Sure. Let me know when and where.


----------



## Tom (Jun 11, 2010)

Congratulations Sam mate. You deserve it after all the time and effort you put into the novel. I'd buy it, but my on-line shopping ability is non existent, so I'll have to wait until I get some kind of online credit card or something. Who knows?

I'd just like to say as well, it's this kind of thing that gives me, and I'm sure other writers, the kind of inspiration to keep at it. We'd all love to be smiling like you right now, that's for sure.

Once again, Congrats


----------



## Linton Robinson (Jun 11, 2010)

> Another good friend and author told me that I should change the name,make a few minor adjustments, and look for an agent post-haste. Wouldthere be any problems with that?

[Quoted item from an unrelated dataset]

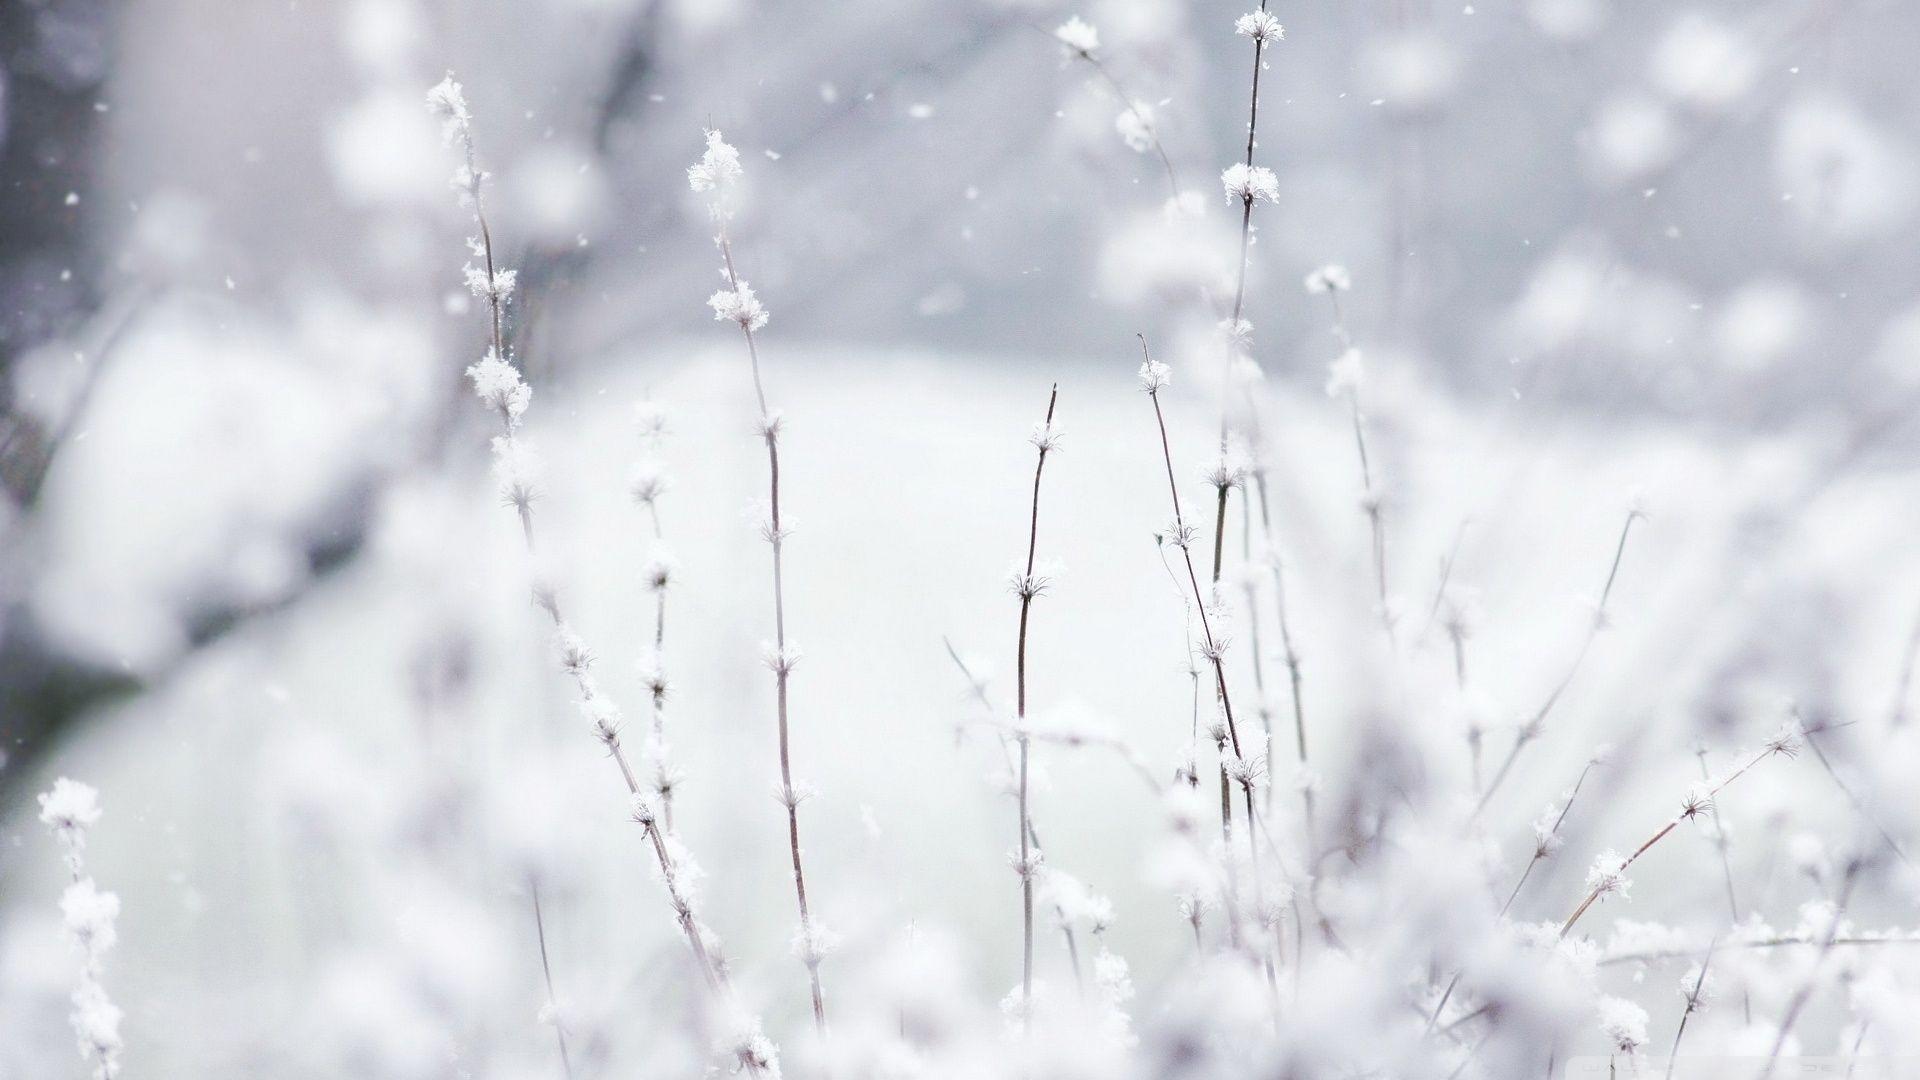 Epingle Par Le Paih Emeline Sur Winter Neige Paysage Hiver Paysage Enneige

Like first-rights stuff?Traditional-publishing houses don't want a novel that's already beenout there, but his advice was to make subtle changes and try my luck.



That's a misconception, based partly on the whole expanding wives' rumors that pass for advice on the internet and writing networks, and changes in the way things work.

It's not uncommon at all for SP books to get picked up by majors these days.   You're an agent.  Two guys come in with books.  One is a first novel.  The other is a novel that has sold copies, gotten great reviews, has an internet presence and fanhood, has an author who is comfortable with promotion and knows how to do.... which one do you like, all else being equal?

I recently asked a board or four agents and two publishers at a conference about that.  Every single one of them said they liked a track record.  Both publishers mentioned books they had picked up.  One mentioned a book that sold 500 SP and they'd done 5000 of them so far.   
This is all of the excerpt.